Oliver gave me a smile that almost made me forget how cross I was with him. “True, she thought we’d be a good couple.”

“You see.” I jabbed my finger at him triumphantly. “He’s mean as well. We’re a mean couple. A couple of mean people who say mean things and are mean to each other.”

“If it helps,” said Ana with an n, “I agree that weddings mostly suck.”

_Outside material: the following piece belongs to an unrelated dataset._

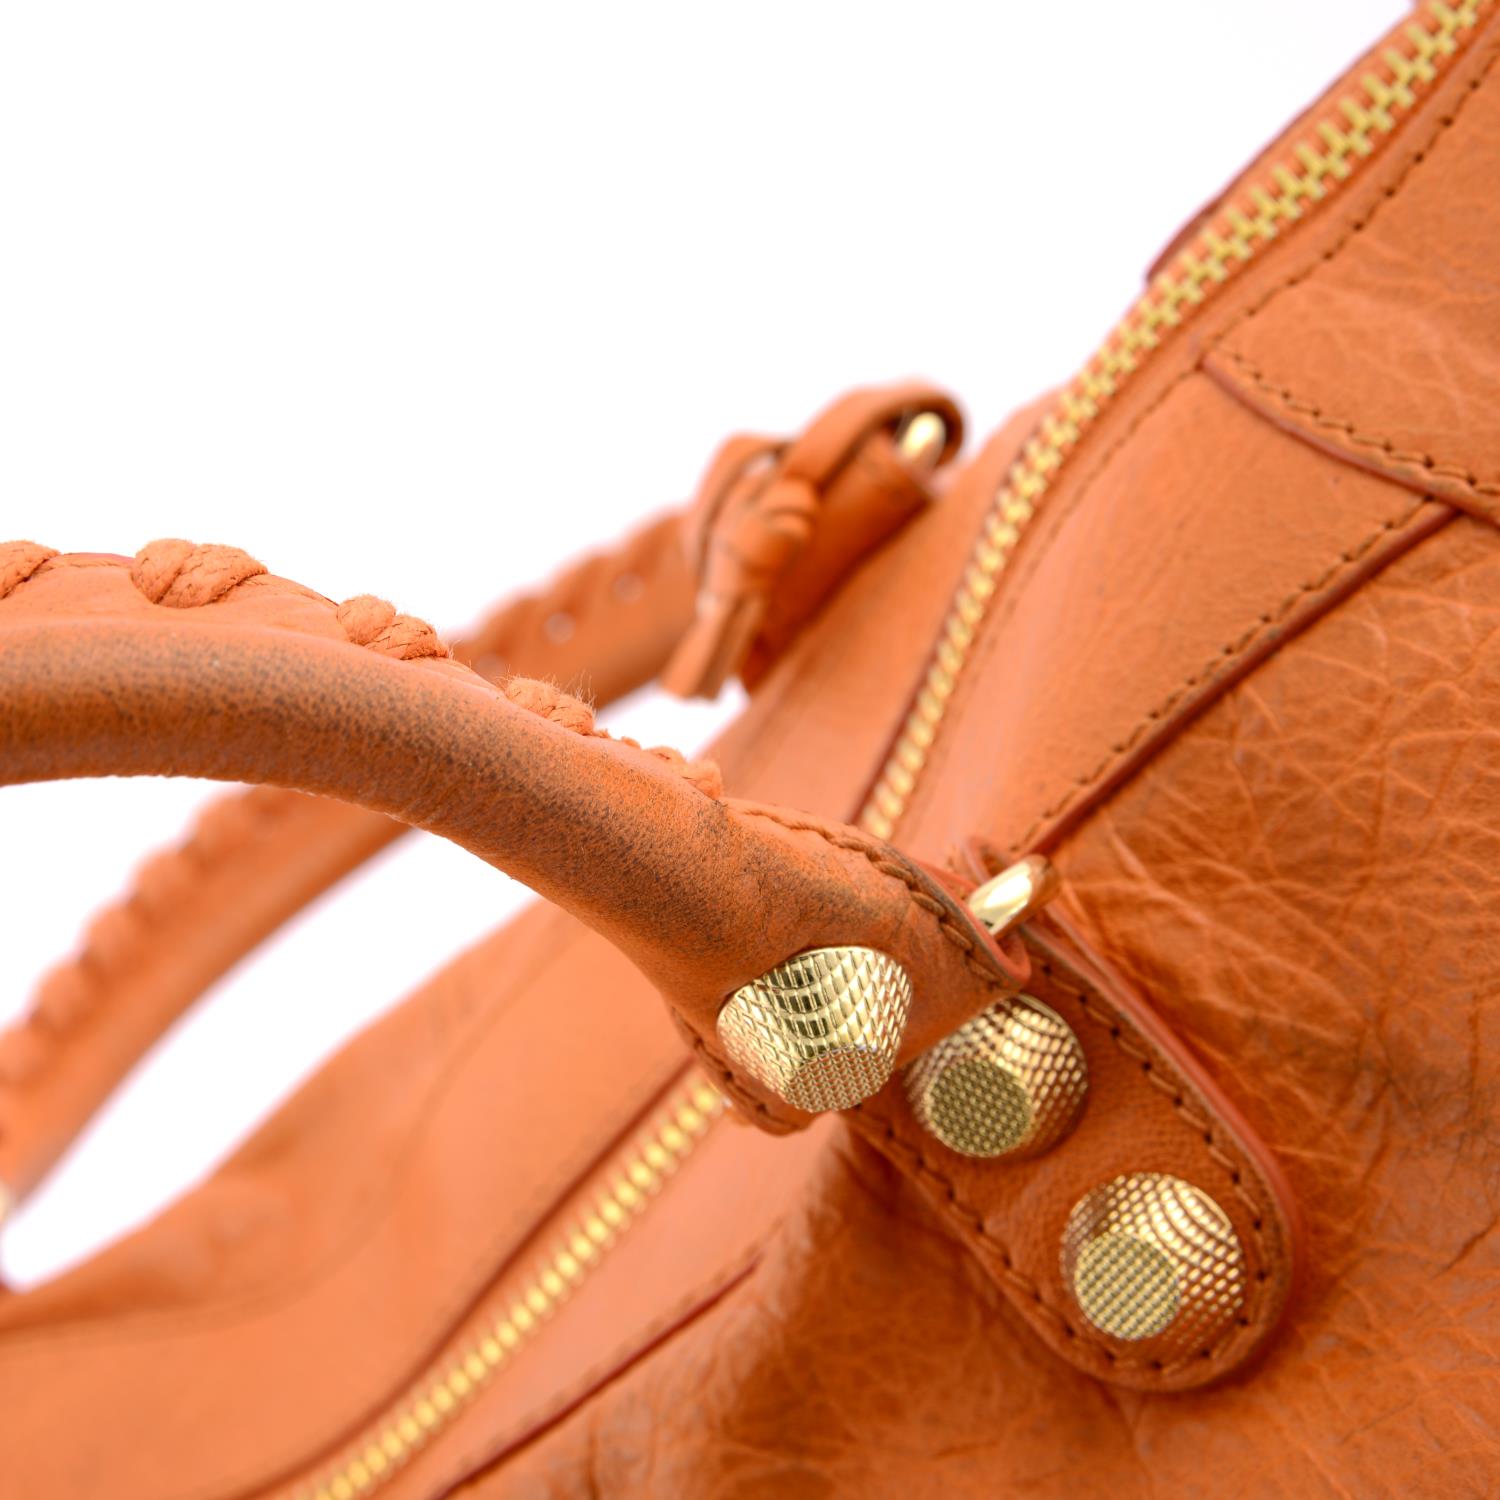 BALENCIAGA - an orange Giant Work handbag. - Image 4 of 7
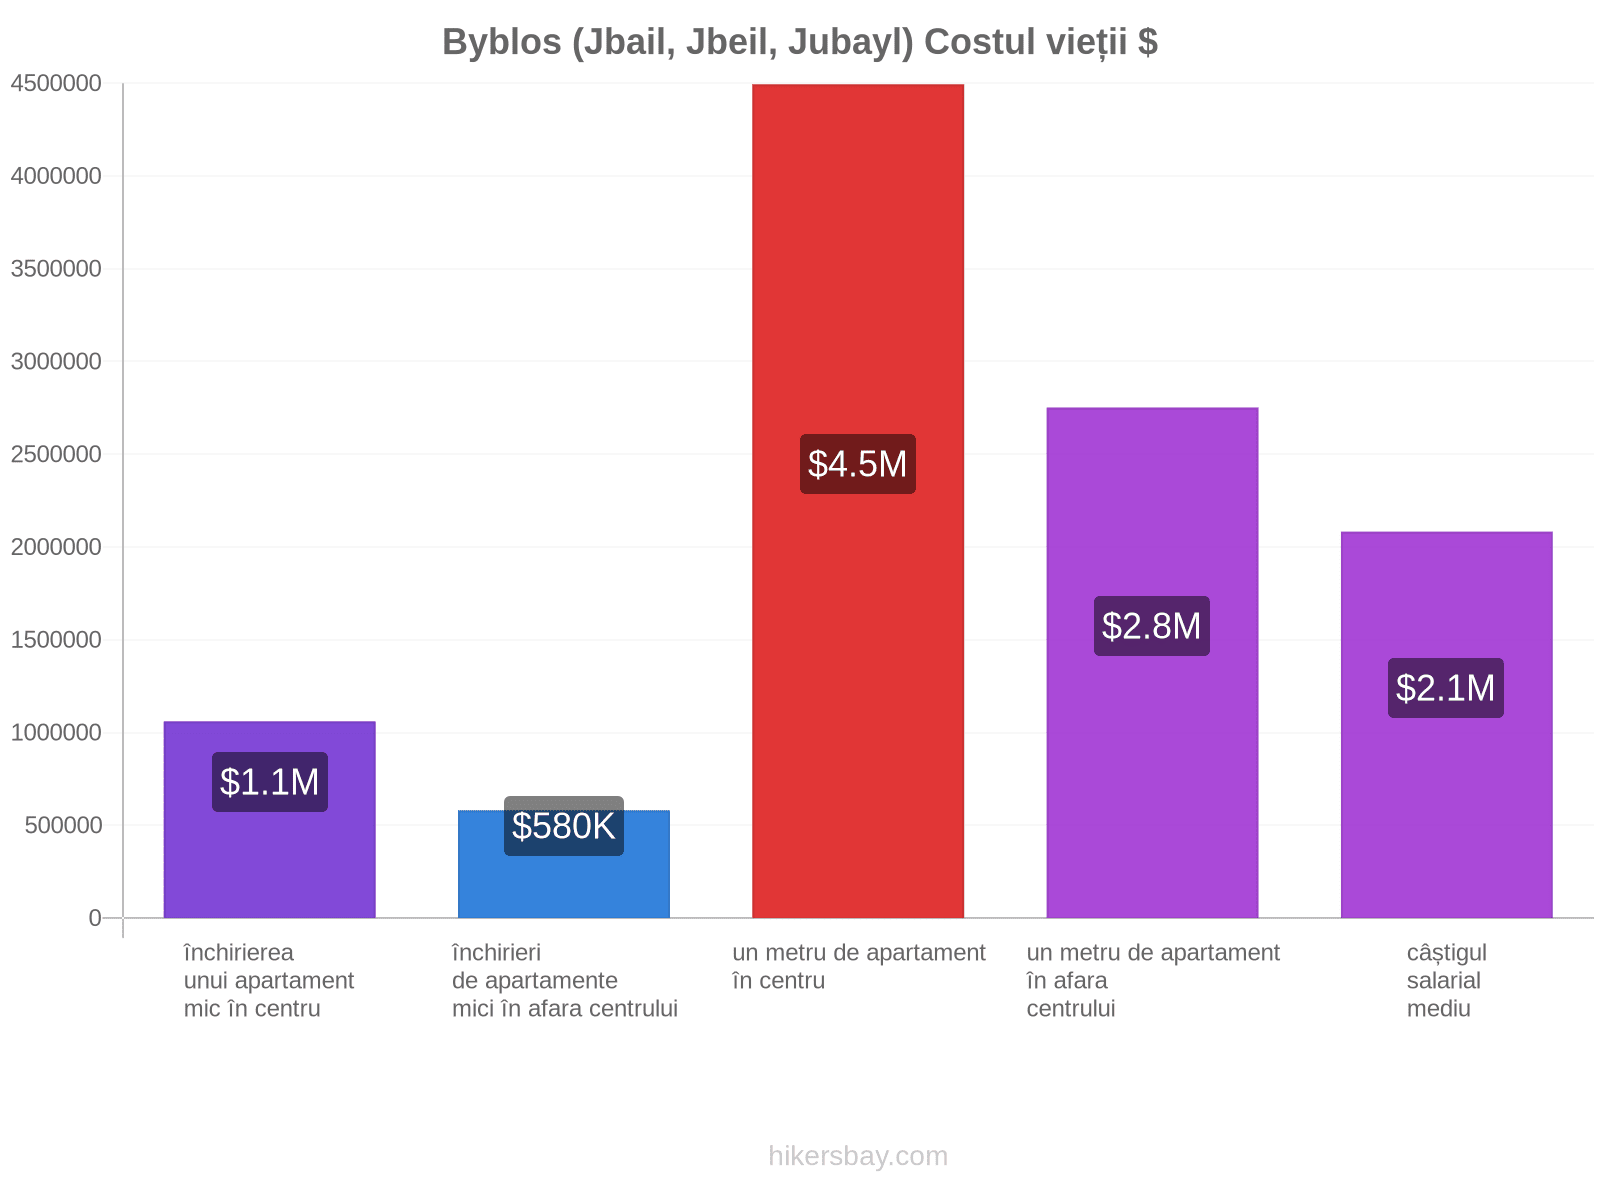 Byblos (Jbail, Jbeil, Jubayl) costul vieții hikersbay.com

I slumped back in my chair with unexpected relief. “Thank you.

Why is the only person who has my back the one I’ve never met before?”

“Because…” Oliver shuffled around to kneel facing me. He still had that mischievous look on his face that was making it hard to stay pissed off with him. “She’s new, and she’s trying to make a good impression.”

“And also,” Ana with one n added, “weddings really do suck.”

Rhys was shaking his head. “Oh, no, I love a good wedding, me.

Everybody dressing up nice, people being all happy. Only a complete knobhead would have a problem with that.”

“And now”—I turned my jabbing finger toward Rhys—“you’ve just called your girlfriend a complete knobhead. Why am I the bad guy?”

With her head in Rhys’s lap, Ana with one n gave a little shrug. “I suppose because a lot of the time I can be a complete knobhead.”

“You see?” Rhys gave a vindicated nod. “A good relationship is based on honesty.”

Somehow I was still outnumbered. “Look.” I gave up. “If it means that much to you…of course you can come to our wedding.”

“And Alex and Miffy and Barbara and Gabriel and the Professor?” asked Rhys.

Alex and Miffy we’d have been pretty much obliged to invite anyway since they’d invited us to theirs. To be honest, I was increasingly convinced that weddings were just an elaborate cycle of vengeance that had got really out of hand. Some pair of selfish bastards had forced their friends to come to a tedious party two thousand years ago, and their selfish bastard friends had decided to pay them back by forcing them to come a tedious party, and then some wholly independent group of selfish bastards had built an industry around it and here we were. An eye for an eye leaves the world overpaying for table settings.